The digital asset XRP, often recognized for its role in facilitating cross-border payments, is currently facing significant headwinds, with key on-chain metrics pointing towards a potential deeper price decline. A confluence of waning investor confidence and persistent selling pressure suggests a cautious outlook for the token in the immediate future.
The current market sentiment around XRP underscores a broader cooling in interest, particularly among traders engaged in more speculative activities. This shift is evident through two primary indicators: a falling Estimated Leverage Ratio (ELR) and sustained negative netflows from exchanges.
Diminished Risk Appetite Reflected in Leverage Ratio
A notable indicator of dwindling investor confidence is XRP’s Estimated Leverage Ratio (ELR) on leading cryptocurrency exchange Binance. This metric, which gauges the average amount of borrowed capital traders utilize for their positions, has plummeted to 0,36, marking its lowest weekly close in the past month.
The ELR is derived by comparing an asset’s open interest (total value of outstanding derivative contracts) against the exchange’s reserve of that specific currency. A declining ELR indicates that traders are scaling back on high-leverage positions, which can amplify both gains and losses. This trend signals a reduced appetite for risk and a growing caution among investors regarding XRP’s short-term price trajectory. They are opting for a more de-risked approach, avoiding positions that could magnify potential downturns.
Persistent Selling Pressure Dominates Spot Market
Beyond derivatives, the spot market for XRP has also shown significant signs of weakness. Data from Coinglass reveals that XRP has recorded negative netflows exceeding $222 million since July 29. This figure represents the net movement of XRP out of centralized exchanges.

Source: Coinglass
When an asset experiences negative netflows, it implies that more tokens are being withdrawn from exchanges than deposited. While this can sometimes indicate a move towards self-custody, in the context of declining ELR, it strongly suggests a prevalence of selling activity. Traders are offloading their holdings, and there isn’t sufficient buy-side demand to absorb this selling pressure. This imbalance — where supply outstrips demand — typically contributes to a downward price trajectory, exacerbating any existing downtrend.

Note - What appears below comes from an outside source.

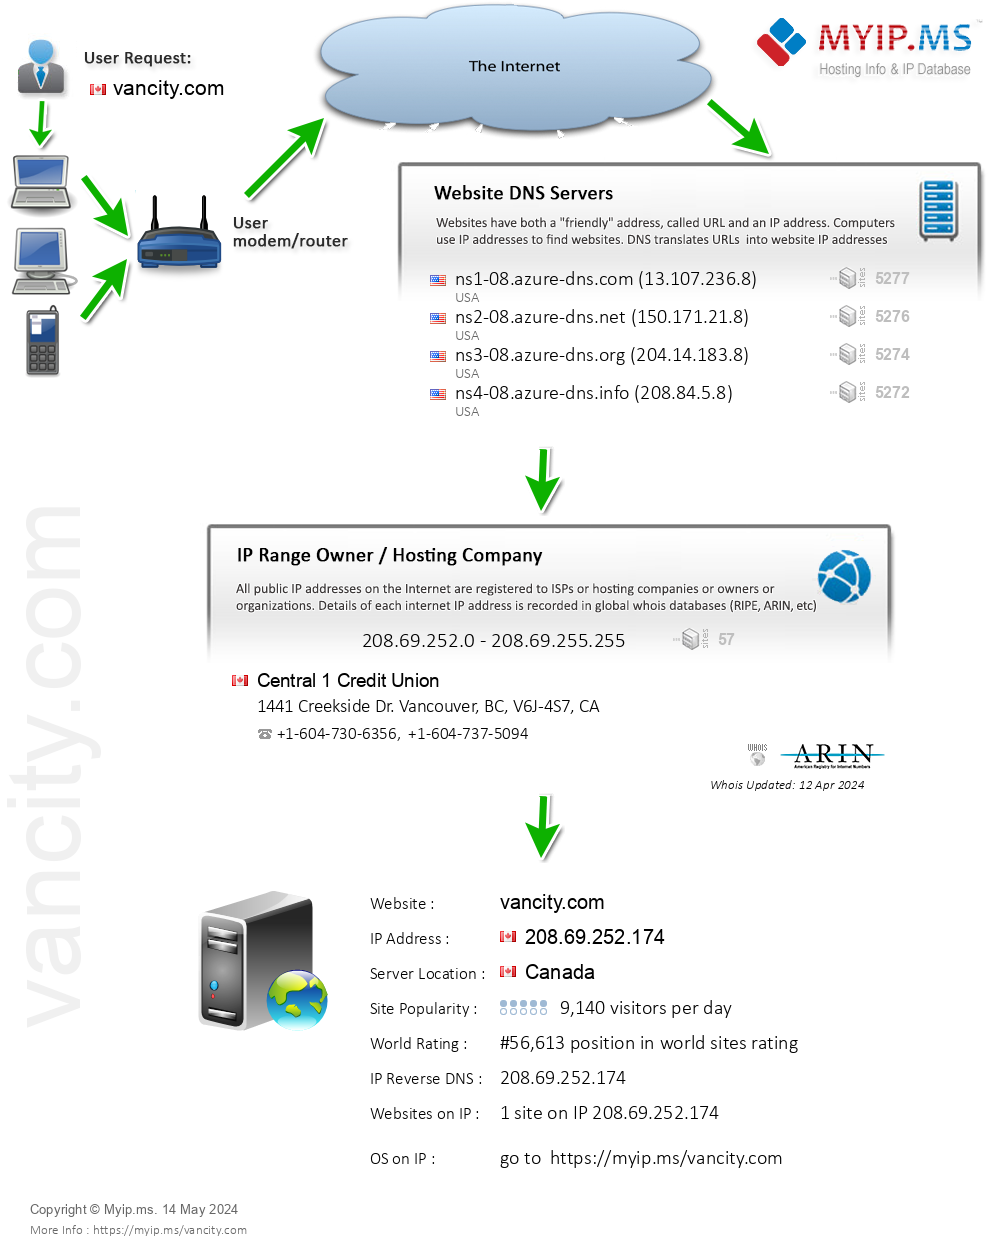 Vancity.com - Website Hosting Visual IP Diagram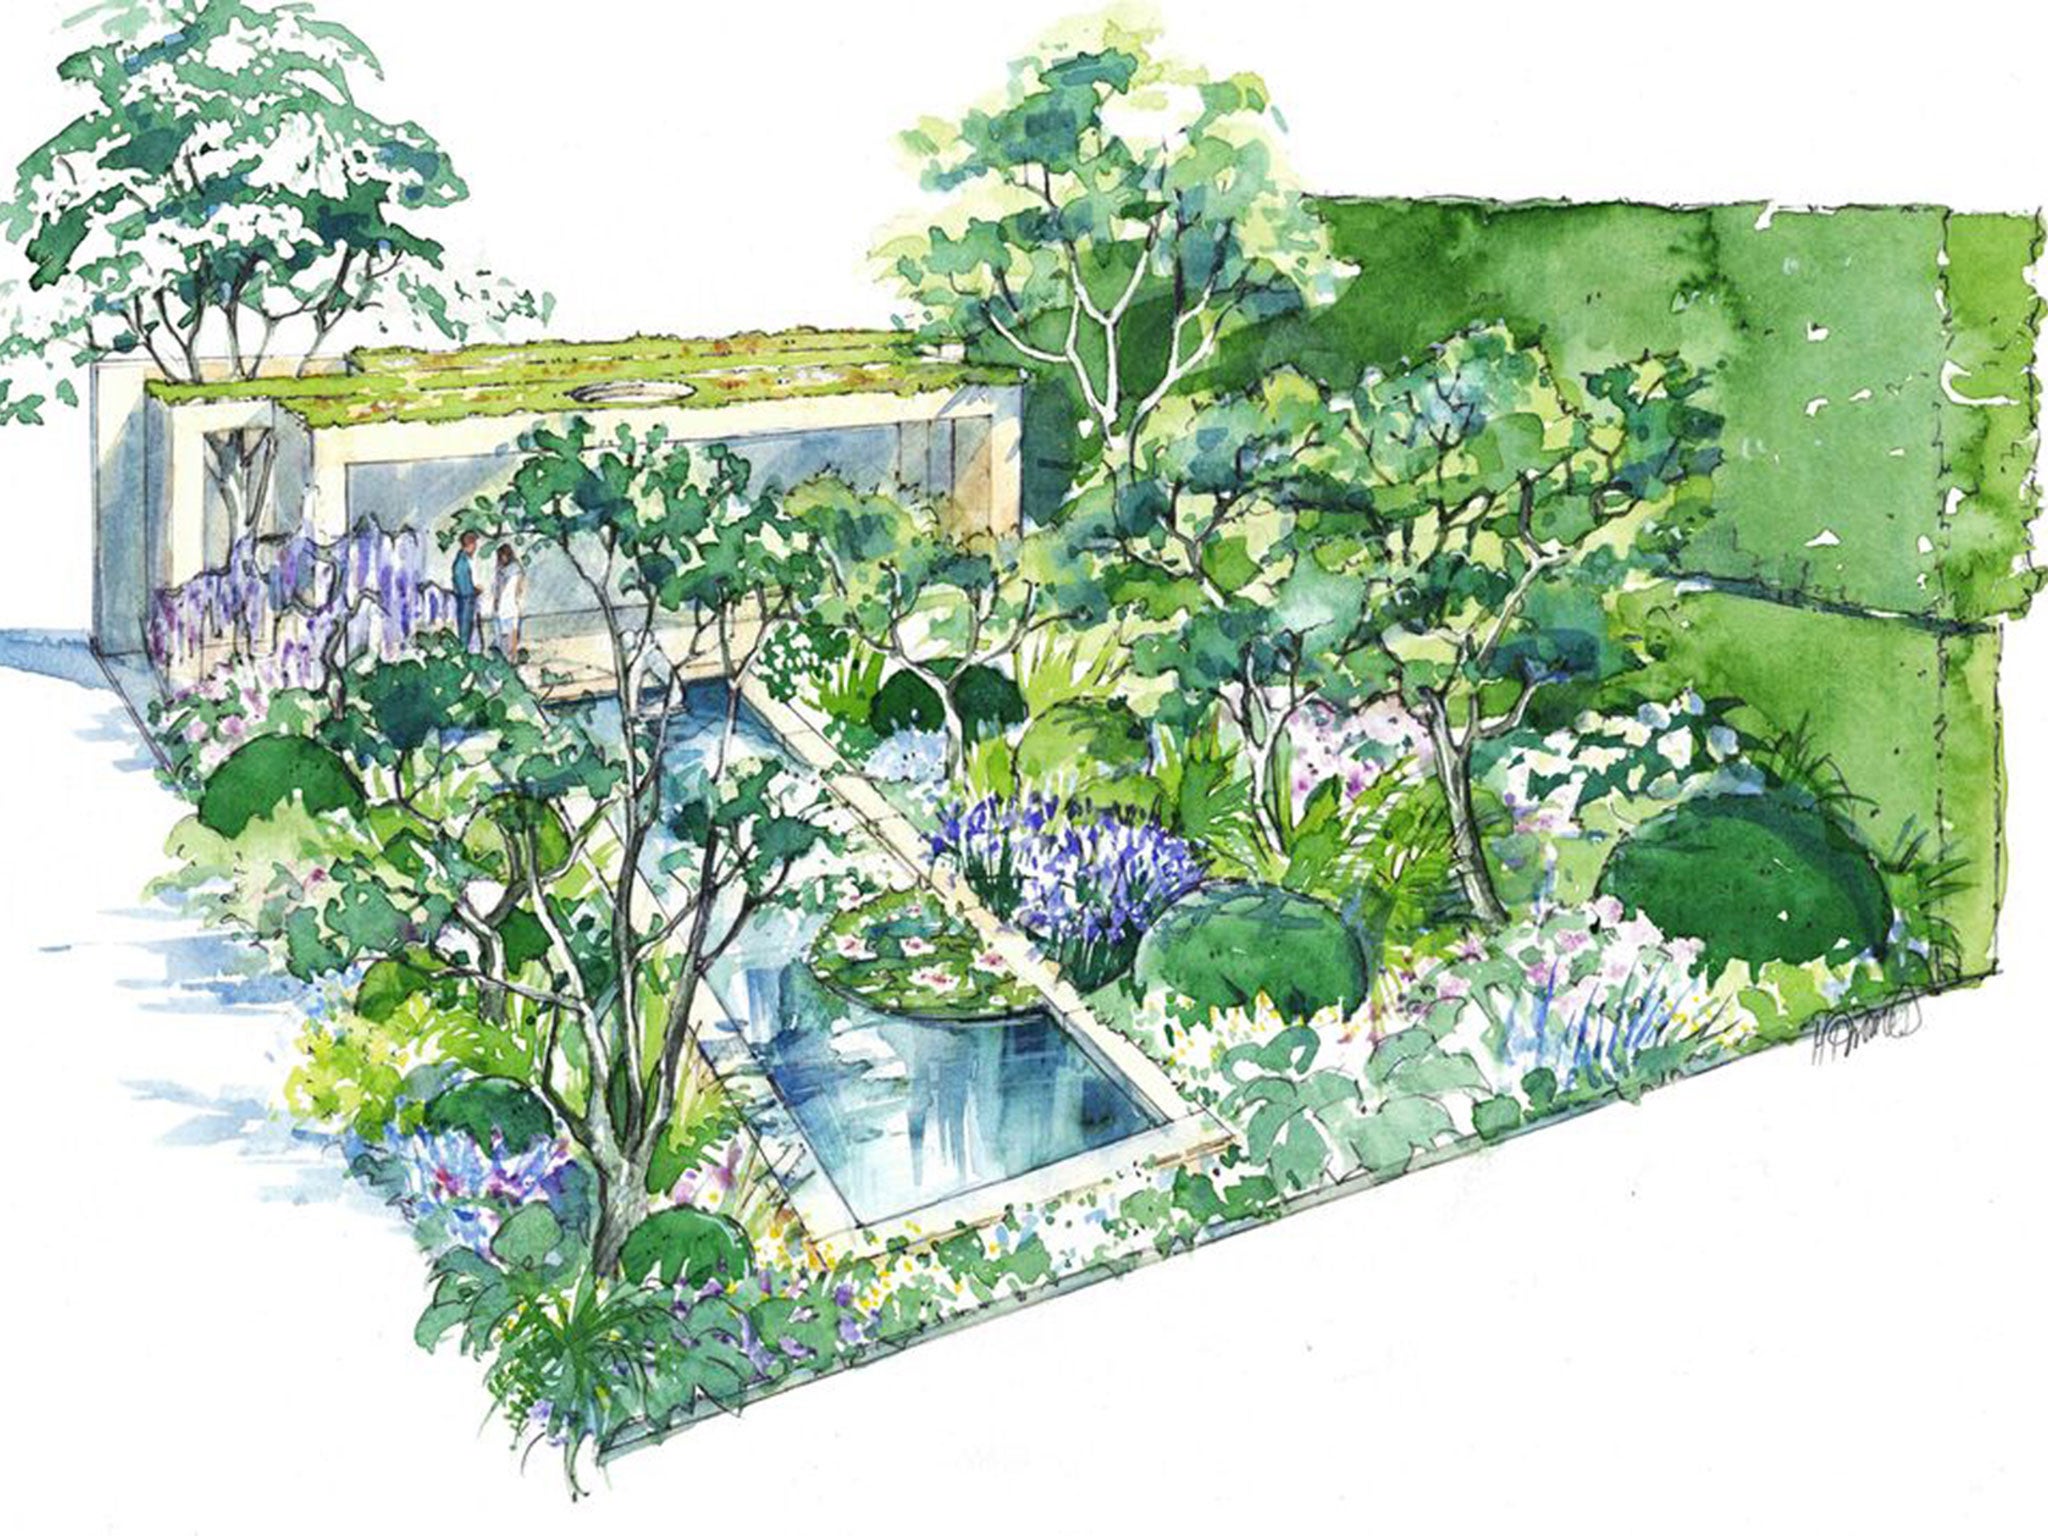 Chris Beardshaw designed the Morgan Stanley Garden for Great Ormond Street Hospital

Navigating Key Price Levels
As sell-side pressure intensifies, XRP’s price is approaching a critical juncture. The altcoin faces immediate support at the $2,71 level. Should this crucial support fail to hold, the path could clear for a steeper decline, potentially pushing XRP towards $2,50.
Conversely, a reversal in sentiment and a significant surge in buying momentum could offer a lifeline. A successful breakout above the $3 price level would be a bullish signal, potentially paving the way for a rally towards $3,39. However, the current data suggests that the bears currently hold the upper hand, making upward movements challenging without a substantial shift in market dynamics.
Investors and market participants will be closely watching these key metrics and price levels as XRP navigates these uncertain market conditions.
Disclaimer: This article is provided for informational purposes only and does not constitute financial advice. Investors should always conduct their own thorough research and consult with a qualified financial advisor before making any investment decisions in cryptocurrencies, which are highly volatile and speculative assets.